This result can be verified to agree with (3.14) by direct calculation using (4.3) and the trigonometric relations (4.1e). The fact that the asymptotic rate is constant is consistent with the existence of a transverse equilibrium distribution. The relationship to recent descriptions in terms of first passage times (Aquino & Le Borgne Reference Aquino and Le Borgne2021a; Aquino et al. Reference Aquino, Le Borgne and Heyman2023) is discussed in Appendix D.

To obtain the flux-weighted surviving mass p.d.f. $p_{t,F}^\infty$, we flux-weight (4.3) according to (3.10):

(4.5)\begin{equation} p_{t,F}^\infty(y) = \frac{\textit{Da}\,\mu_1^2}{2\,\textit{Da}-\mu_1^2}\left(1-\frac{y^2}{a^2}\right)p_t^\infty(y); \end{equation}

see also (4.13) below for the mean of the fixed-time velocity p.d.f. The limiting forms of $p_t^\infty$ and $p_{t,F}^\infty$ for small and large $\textit {Da}$ are derived in § E.1.

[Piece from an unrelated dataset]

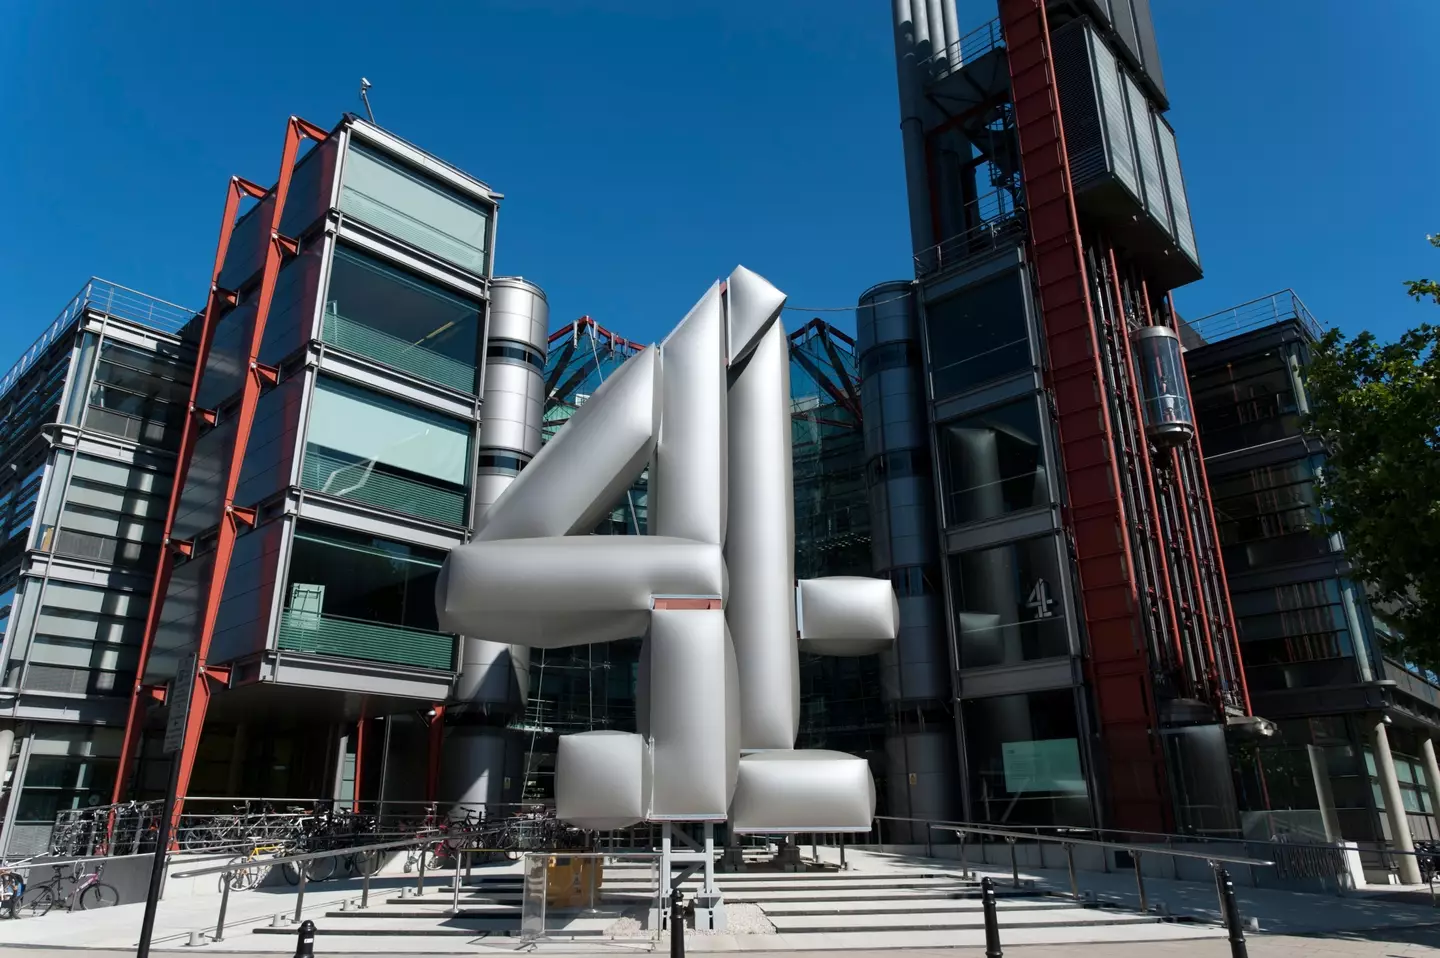 Channel 4 headquarters in London.

To obtain the true breakthrough p.d.f. $p_s^\infty$ associated with flux over a fixed control plane, we must take into account the correction factor $\beta (y) = \exp [\gamma \alpha ^\infty \,\Delta m(y)/\overline {v_E}]$; see (3.26). Because of the normalization, any differences between $p_s^\infty$ and $p_{t,F}^\infty$ result from variability in the mean-position discrepancy $\Delta m(y)$ with respect to the cross-section position $y$. To compute it, we must solve (3.20) for the auxiliary quantity $f(y,t)$. Since the differential operators are the same as for the transverse ADE (2.6), this equation has the same propagator, except that the decay modes are modified by the production term at rate $\alpha ^\infty$. The solution for the 2-D channel, reflecting the presence of a source term $p_t^\infty (y)v_E(y)$, is (Polyanin & Nazaikinskii Reference Polyanin and Nazaikinskii2016)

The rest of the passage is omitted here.